From this, it sounds like CockroachDB might be the answer to everyone's distributed infrastructure data persistence issues. It has one major fault though: the project isn't yet close to a stable release, and many of the planned features, such as SQL support, haven't been written yet. So while it may solve many persistence issues in the future, there are other solutions for right now.
High-availability PostgreSQL
Since highly distributed databases aren't yet ready for production use, developers are taking existing popular databases and making them fault-tolerant and container-friendly. Two such projects build up high-availability PostgreSQL: Flocker from ClusterHQ and Governor from Compose.io.
Luke Mardsen, CTO of ClusterHQ, presented Flocker at ContainerCamp. Flocker is a data volume management tool designed to help host databases in containers. It uses volume management that supports migrating database containers from one physical machine to another. This means that orchestration frameworks can redeploy database containers in almost the same way they would stateless services, which has been one of the challenges to containerizing databases.

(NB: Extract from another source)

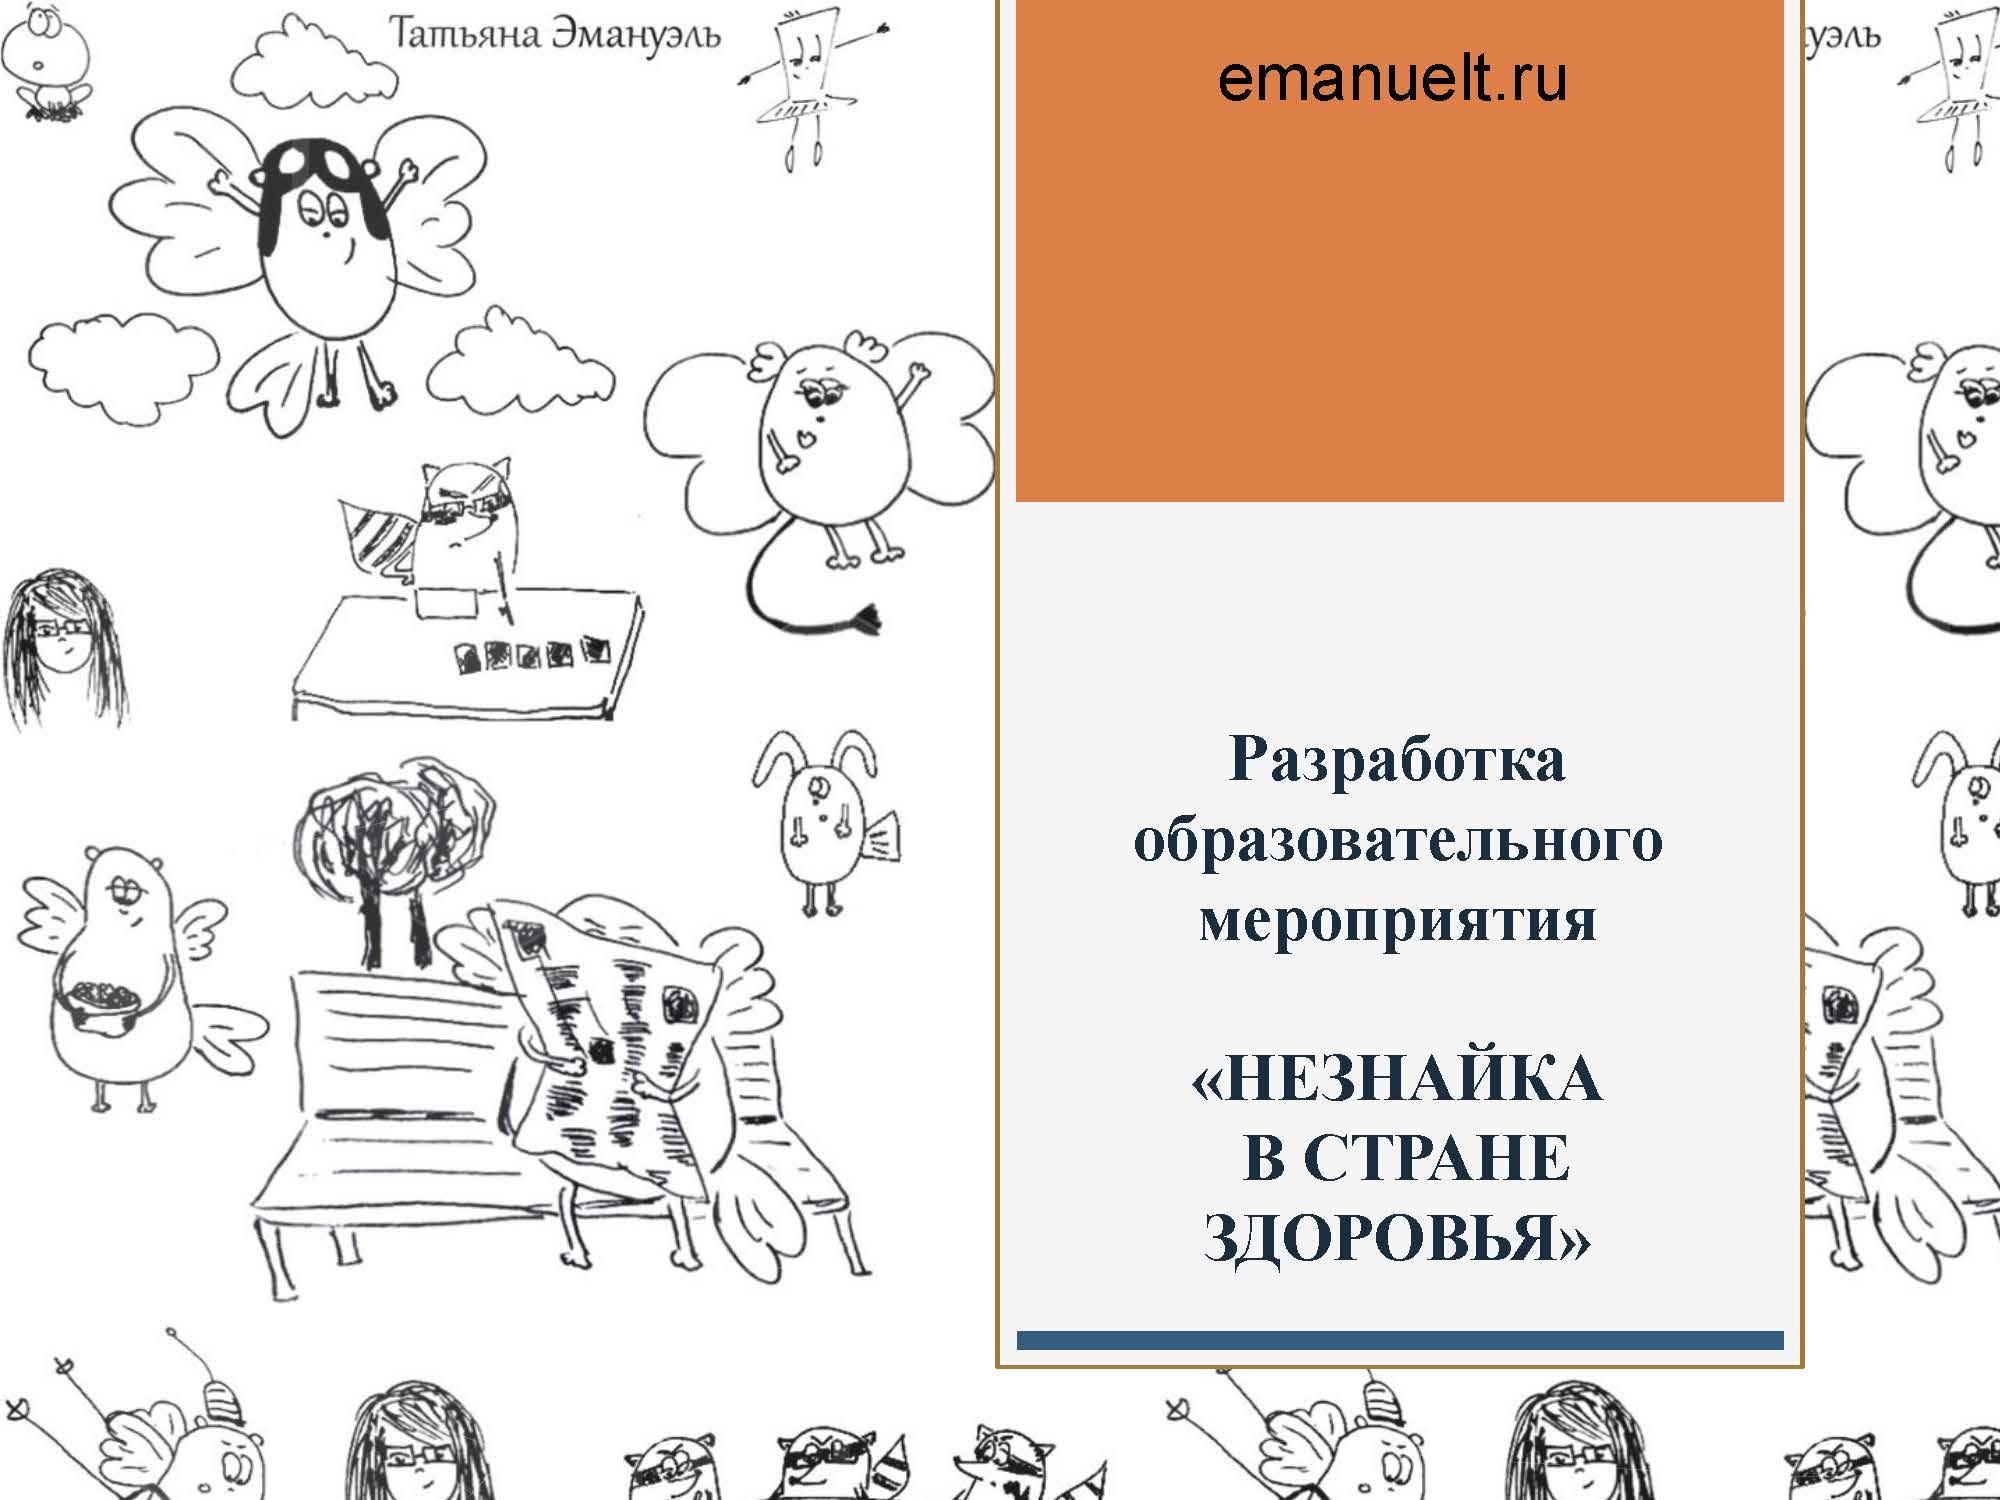 инфо_Страница_016

Flocker is able to support migrating containers between physical machines by making use of ZFS on Linux from the project of the same name. Flocker creates Docker volumes on specially managed ZFS directories, allowing the user to move and copy those volumes by using exportable ZFS snapshots. Operations are performed via a simple declarative command-line interface.
Flocker is designed as a plugin for Docker. One challenge for the Flocker team is that Docker doesn't currently support plugins. The team created a plugin infrastructure called Powerstrip, but that tool has yet to be accepted into mainstream Docker. Until it is, the Flocker project can't provide a unified management interface.
![Chris Winslett [Chris Winslett]](https://static.lwn.net/images/2015/coreosfest-winslett-sm.jpg)
If Flocker solves the container migration problem, then the Governor project from Compose, presented by Chris Winslett at CoreOS Fest, aims to solve the availability problem. Governor is an orchestration prototype for a self-managing replicated PostgreSQL cluster, and is a simplified version of the Compose infrastructure.
Compose is a Software-as-a-Service (SaaS) hosting company, which means that the services it offers need to be entirely automated. In order for Compose to deploy PostgreSQL, it needed to support automatic database replica deployment and failover. Since users have full database access, Compose also needed a solution that didn't require making any changes to the PostgreSQL code or to users' databases.
One of the things Winslett figured out quickly was that PostgreSQL could not be the canonical store of its own availability and replication state, because the master and all replicas would have identical information. This led to implementing a solution based on Consul, a distributed high-availability information service. However, Consul requires 40GB of virtual memory for each data node, which wasn't practical for tiny cloud server nodes. Winslett abandoned Consul for the much simpler etcd and, in the process, substantially simplified the failover logic.
Governor works by having the governor daemon control PostgreSQL in each container. Governor queries etcd to find out who the current master is and replicates from it on startup. If there is no master, it attempts to seize the leader key on etcd, and etcd ensures that only one requester can win that contest. Whichever node gets the leader key becomes the new master and the other nodes start replicating from it. Since the leader key has a time-to-live (TTL), if the master fails, a new leader election will follow shortly, ensuring that there will quickly be a new master.
This means that Compose can treat PostgreSQL almost the same as it treats the multi-master, non-relational databases it supports, like MongoDB and Elasticsearch. In the new system, PostgreSQL nodes can be configured in etcd, and then deployed using container orchestration systems, without hands-on administration or handling those containers differently.
Conclusion
Of course, there are many more projects and presentations than the ones mentioned above. For example, Sean McCord spoke at CoreOS Fest about using the distributed filesystem Ceph as a block device inside Docker containers, as well as running Ceph with each node in a container. While this approach is fairly rudimentary right now, it offers another option for containers that need to run services that depend on large file storage. Cloudconfig, CoreOS's new boot-from-a-container tool, was also introduced by Alex Crawford.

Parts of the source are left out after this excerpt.